Return all of the data below verbatim and exclude every picture.

Collected data:
● ● ●

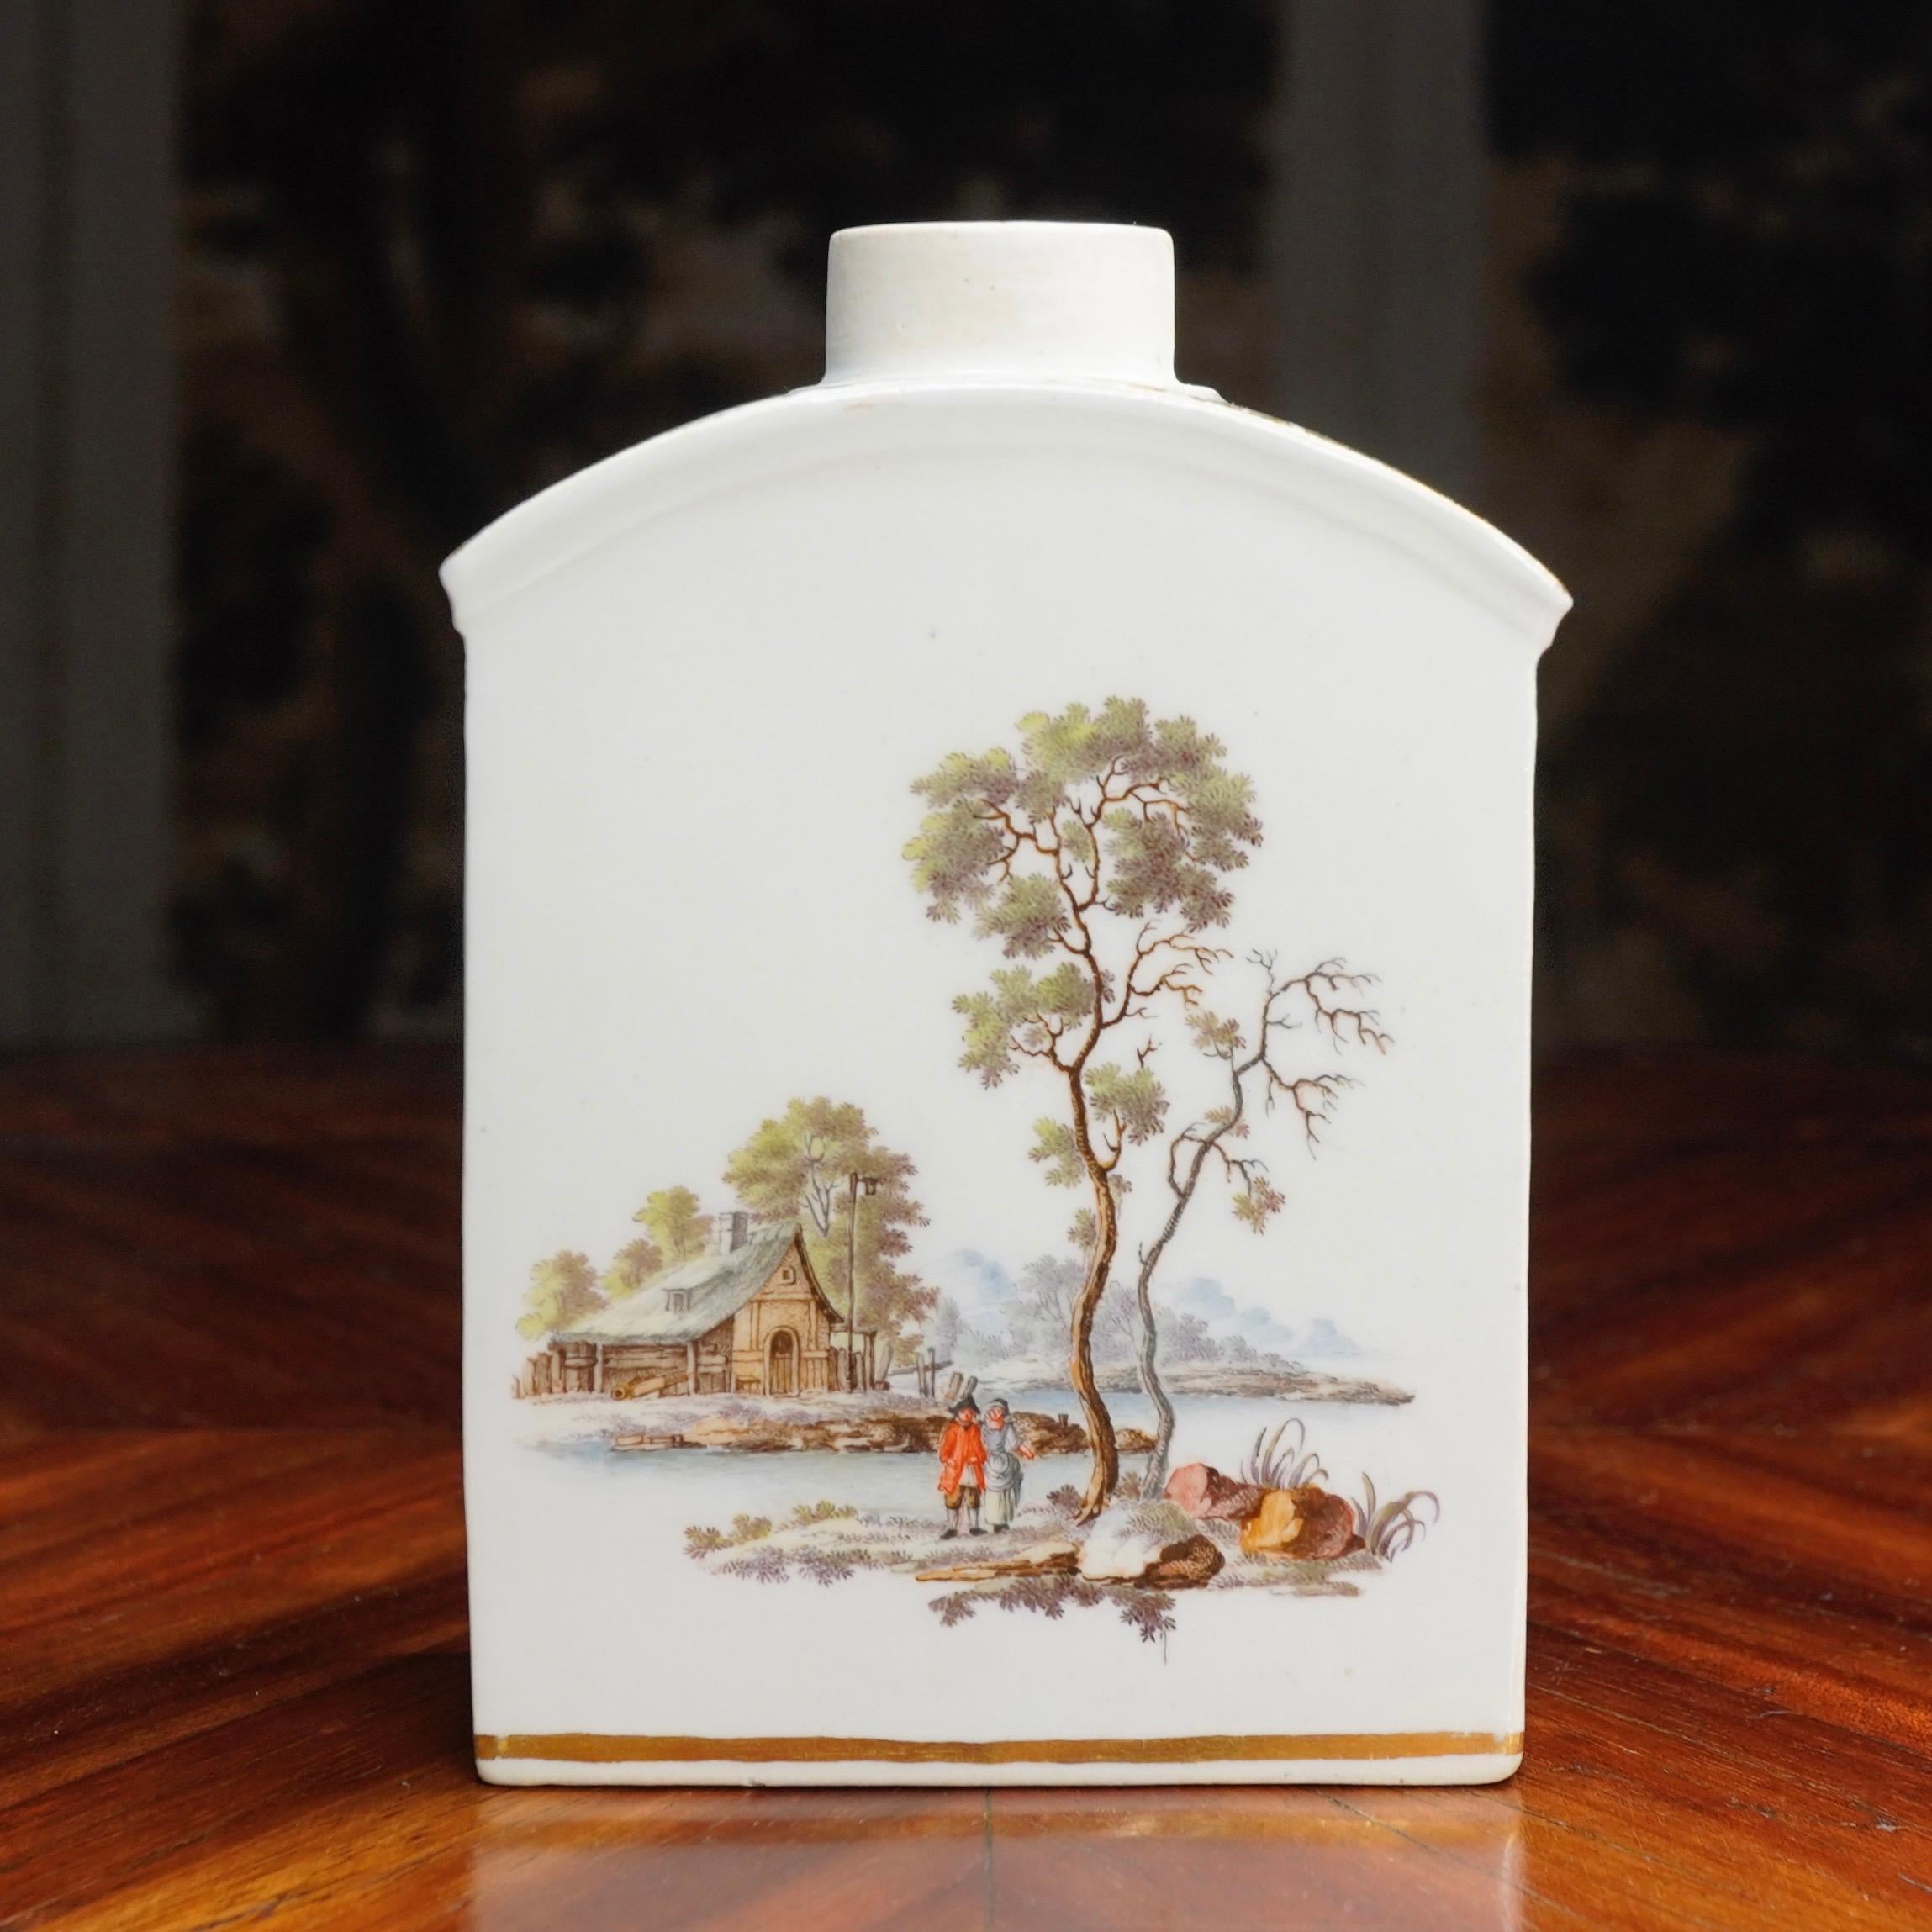 Rare Zurich (Switzerland) tea canister, painted with finely detailed landscapes in the Meissen manner.
‘Z’ and incised ‘D’ mark,
circa 1775.

● ● ●

Result below:
 Rare Zurich (Switzerland) tea canister, painted with finely detailed landscapes in the Meissen manner.
‘Z’ and incised ‘D’ mark,
circa 1775.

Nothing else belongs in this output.